For instance ; we don't directly perform malloc/new , free/delege .Instead we call OSA layer's routines and it gets the memory from OS and puts it in a list then returns this memory to application.(routines : XXAlloc , XXFree,XXReAlloc)
And when freeing the memory we again use XXFree.
In fact this block is a struct which has
-magic numbers indication the beginning and end of memory block
-size that user requested allocated
-size in reality due to alignment issue previous and next pointers
-pointer to piece of memory given back to application. link register that shows where in the application xxAlloc is called.
With this block structure stack can check if a block is corrupted or not.
Also we have pthread library which is ported from Linux that we use to
-create/terminate threads(currently there are 22 threads)
-synchronization objects(events,mutexes..)
There is main task called by taskSpawn and later this task created other threads.
this was a description of application and its VxWorks interface.
The problem is :
one of tasks suddenly gets destroyed by VxWorks giving no information about what's wrong.
I also have a jtag debugger and it hits the VxWorks taskDestoy() routine but call stack doesn't give any information neither PC or r14.

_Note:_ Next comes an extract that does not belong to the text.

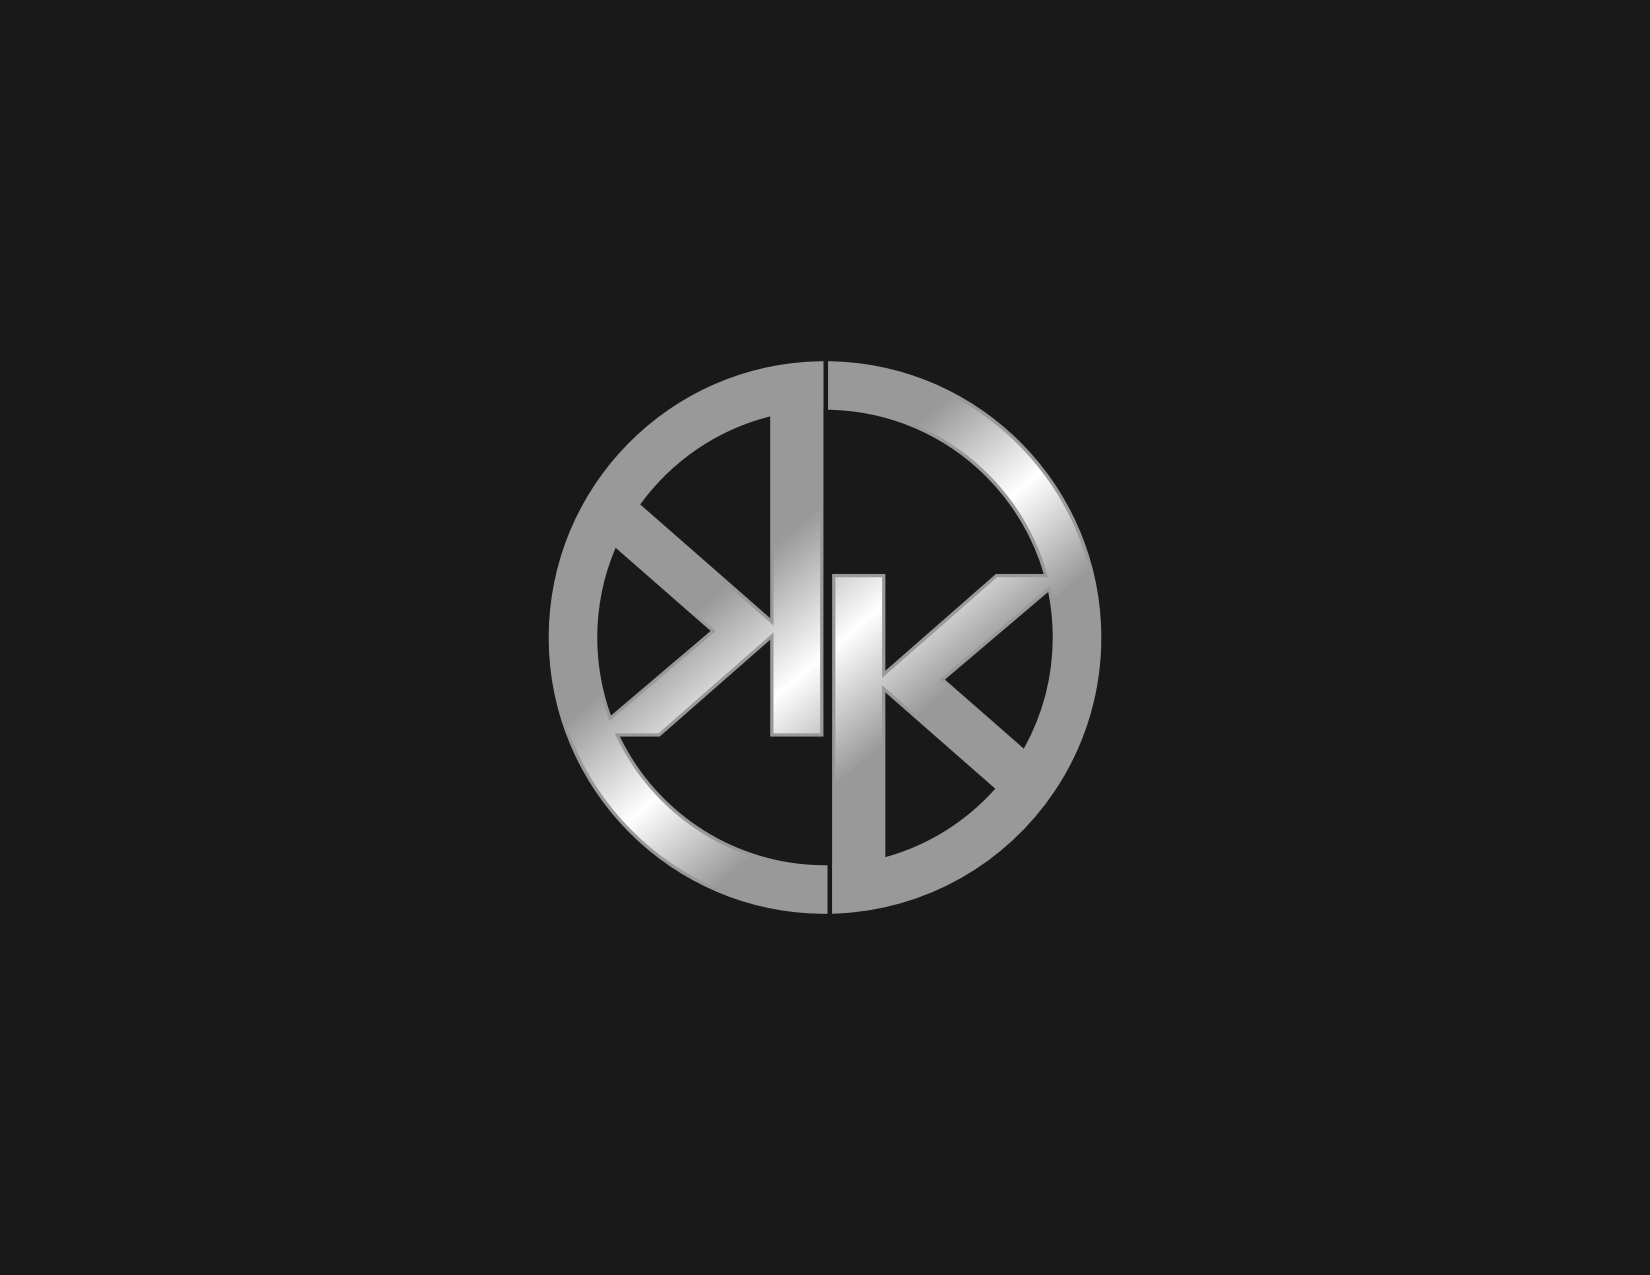 Kk Logo - Sribu: Logo Design - Logo Design for KK

I'm suspicious of specific routine in code where huge xxAlloc is done but problem occurs
very sporadic giving no clue that I can map it to source code.
I think OS detects and exception and performs its handling silently.
any help would be great
regards
It resolved.
I did an isolated test. Allocated 20MB with malloc and memset with 0x55 and stopped thread of my application.
And I wrote another thread which checks my 20MB if any data else than 0x55 is written.
And quess what!! some other thread which belongs other components in CPU (someone else developed them) write my allocated space.
Thanks 4 your help
If your task exits, taskDestroy() is called. If you are suspicious of huge xxAlloc, verify that the allocation code is not calling exit() when memory is exhausted. I've been bitten by this behavior in a third party OSAL before.
Sounds like you are debugging after integration; this can be a hell of a job.
I suggest breaking the problem into smaller pieces.
Process
1) you can get more insight by instrumenting the code and/or using VxWorks intrumentation (depending on which version). This allows you to get more visibility in what happens. Be sure to log everything to a file, so you move back in time from the point where the task ends. Instrumentation is a worthwile investment as it will be handy in more occasions. Interesting hooks in VxWorks: Taskhooklib
2) memory allocation/deallocation is very fundamental functionality. It would be my first candidate for thorough (unit) testing in a well-defined multi-thread environment. If you have done this and no errors are found, I'd first start to look why the tas has ended.
other possible causes
A task will also end when the work is done.. so it may be a return caused by a not-so-endless loop. Especially if it is always the same task, this would be my guess.
And some versions of VxWorks have MMU support which must be considered.